TASK DETAILS
The output should be limited to the line holding "Double Pedestal Steel" and the lines after it through the end of the entries, each restated exactly.

Stored dataset items
↓
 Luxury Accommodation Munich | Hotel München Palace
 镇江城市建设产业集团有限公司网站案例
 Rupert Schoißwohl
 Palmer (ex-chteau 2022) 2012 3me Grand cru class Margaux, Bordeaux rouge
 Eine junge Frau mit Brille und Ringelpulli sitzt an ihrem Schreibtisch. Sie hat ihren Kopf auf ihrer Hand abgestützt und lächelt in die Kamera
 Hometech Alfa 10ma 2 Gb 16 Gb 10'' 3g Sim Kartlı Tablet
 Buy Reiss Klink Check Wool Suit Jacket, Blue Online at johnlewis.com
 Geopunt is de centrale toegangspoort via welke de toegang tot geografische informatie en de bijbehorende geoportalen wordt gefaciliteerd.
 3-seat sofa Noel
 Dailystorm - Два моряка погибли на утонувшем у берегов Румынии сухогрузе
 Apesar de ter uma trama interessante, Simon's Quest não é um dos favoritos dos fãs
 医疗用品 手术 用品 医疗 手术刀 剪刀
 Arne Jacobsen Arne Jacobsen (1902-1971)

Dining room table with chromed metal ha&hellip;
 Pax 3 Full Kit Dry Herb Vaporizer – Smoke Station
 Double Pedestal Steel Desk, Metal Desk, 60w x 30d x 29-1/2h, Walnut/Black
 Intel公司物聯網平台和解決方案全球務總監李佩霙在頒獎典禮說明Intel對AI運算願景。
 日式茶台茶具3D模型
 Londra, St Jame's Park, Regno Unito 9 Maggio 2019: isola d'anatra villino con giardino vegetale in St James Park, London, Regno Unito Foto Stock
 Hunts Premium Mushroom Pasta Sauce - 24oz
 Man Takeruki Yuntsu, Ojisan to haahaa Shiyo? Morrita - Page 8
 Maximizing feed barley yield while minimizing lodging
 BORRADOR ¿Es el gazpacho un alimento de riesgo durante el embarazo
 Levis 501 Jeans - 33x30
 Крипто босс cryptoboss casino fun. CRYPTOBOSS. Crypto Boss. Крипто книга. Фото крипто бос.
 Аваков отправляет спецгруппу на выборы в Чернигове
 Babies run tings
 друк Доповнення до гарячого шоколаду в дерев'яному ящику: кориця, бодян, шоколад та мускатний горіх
↑
ANSWER AREA
 Double Pedestal Steel Desk, Metal Desk, 60w x 30d x 29-1/2h, Walnut/Black
 Intel公司物聯網平台和解決方案全球務總監李佩霙在頒獎典禮說明Intel對AI運算願景。
 日式茶台茶具3D模型
 Londra, St Jame's Park, Regno Unito 9 Maggio 2019: isola d'anatra villino con giardino vegetale in St James Park, London, Regno Unito Foto Stock
 Hunts Premium Mushroom Pasta Sauce - 24oz
 Man Takeruki Yuntsu, Ojisan to haahaa Shiyo? Morrita - Page 8
 Maximizing feed barley yield while minimizing lodging
 BORRADOR ¿Es el gazpacho un alimento de riesgo durante el embarazo
 Levis 501 Jeans - 33x30
 Крипто босс cryptoboss casino fun. CRYPTOBOSS. Crypto Boss. Крипто книга. Фото крипто бос.
 Аваков отправляет спецгруппу на выборы в Чернигове
 Babies run tings
 друк Доповнення до гарячого шоколаду в дерев'яному ящику: кориця, бодян, шоколад та мускатний горіх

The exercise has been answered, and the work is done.